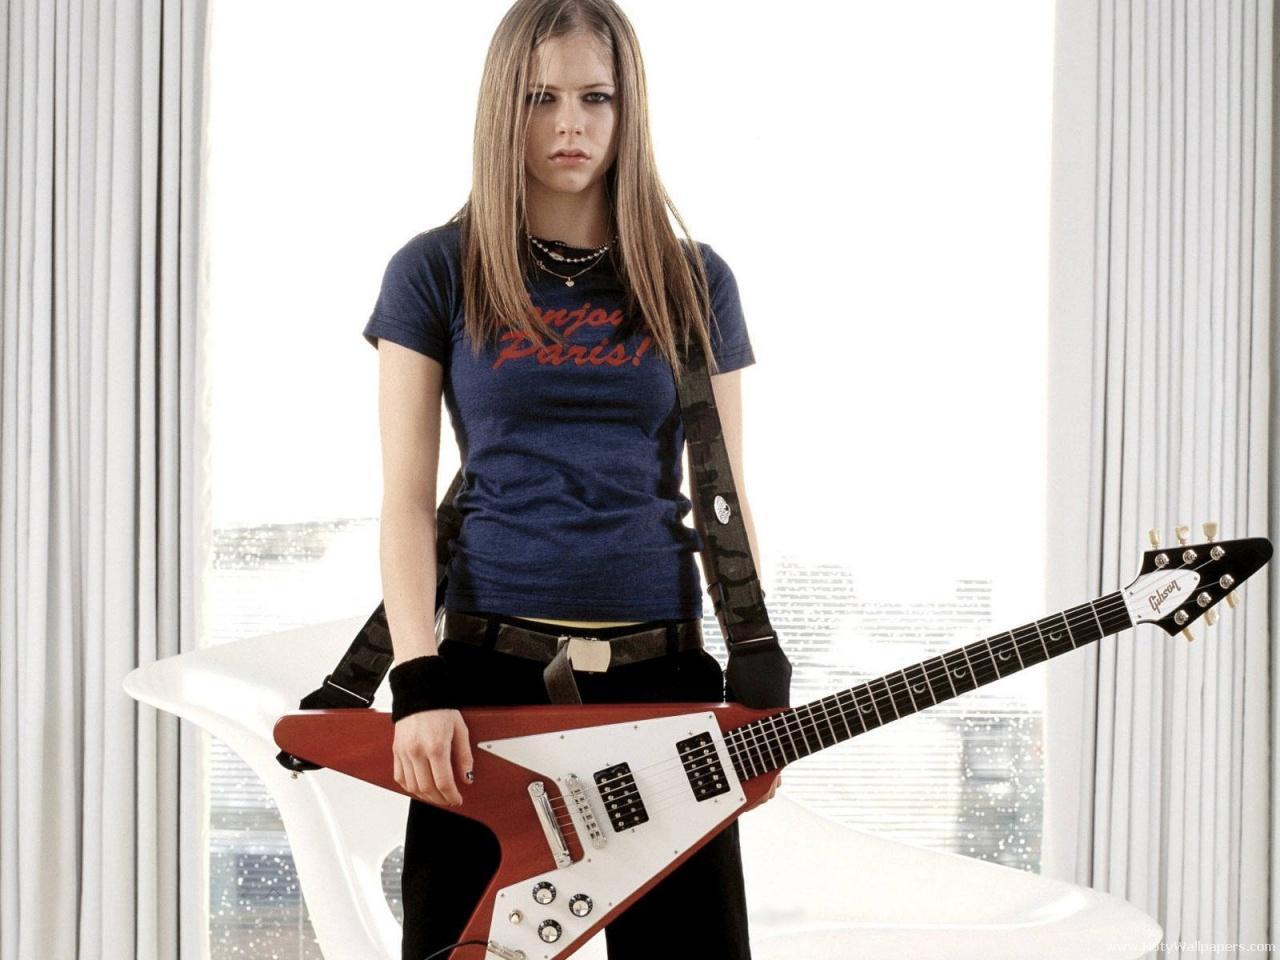 http://2.bp.blogspot.com/-SATGZVFITEU/Tjq-2C6NtWI/AAAAAAAAIow/-rAxw39jo3Q/s1600/Avril_Lavigne_with_guitar.jpg
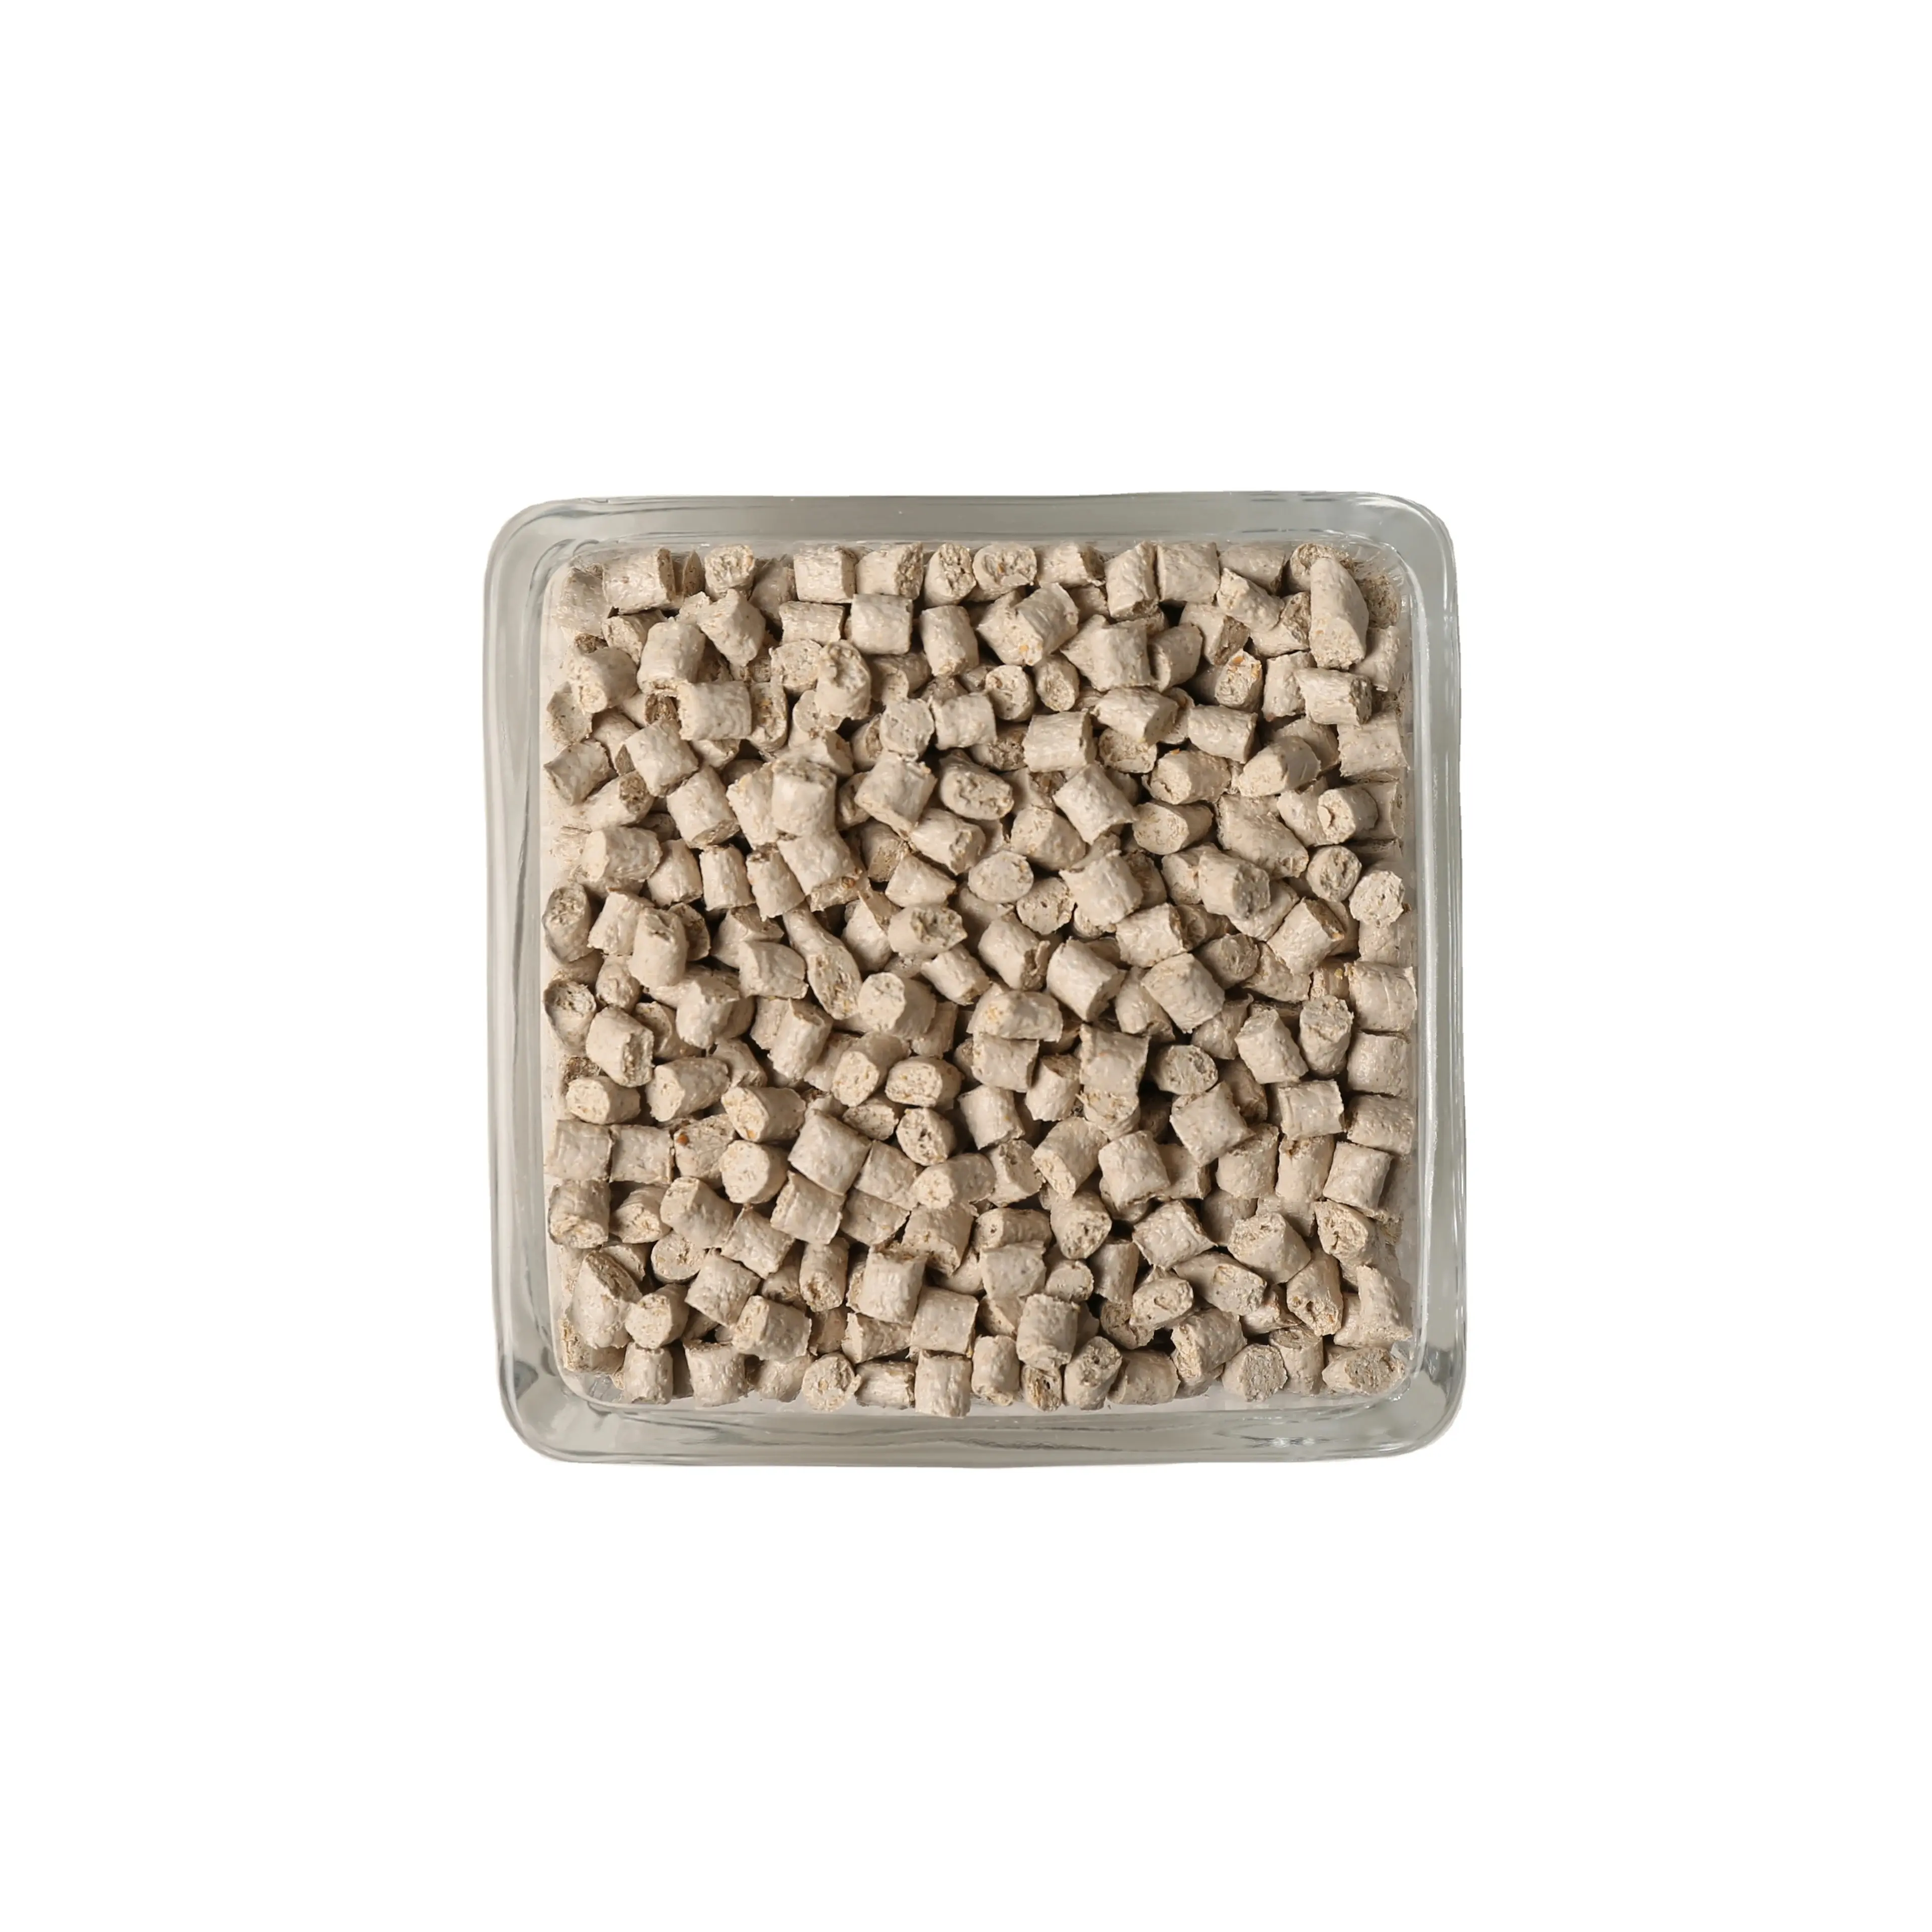 Biomassa modellata ceramica resistente composto pellet contatto cibo robusto odore libero secchio di plastica materia prima
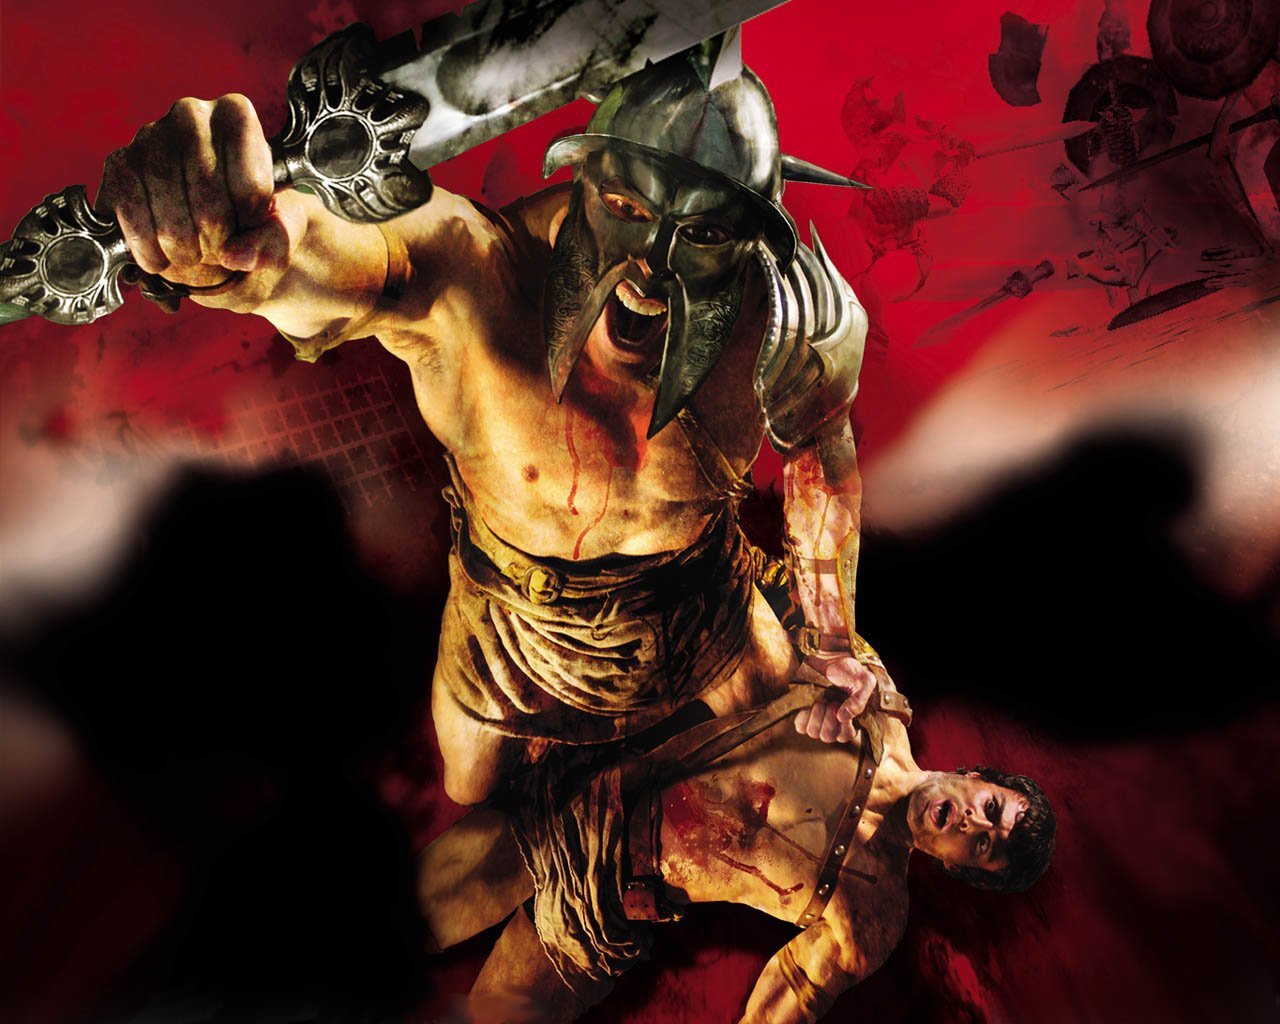 Gladiator_-_Sword_of_Vengeance,_2003

■ Exercise
Once the images are dropped, set down the remaining material word for word.

■ Solution
 http://2.bp.blogspot.com/-SATGZVFITEU/Tjq-2C6NtWI/AAAAAAAAIow/-rAxw39jo3Q/s1600/Avril_Lavigne_with_guitar.jpg
 Biomassa modellata ceramica resistente composto pellet contatto cibo robusto odore libero secchio di plastica materia prima
 Gladiator_-_Sword_of_Vengeance,_2003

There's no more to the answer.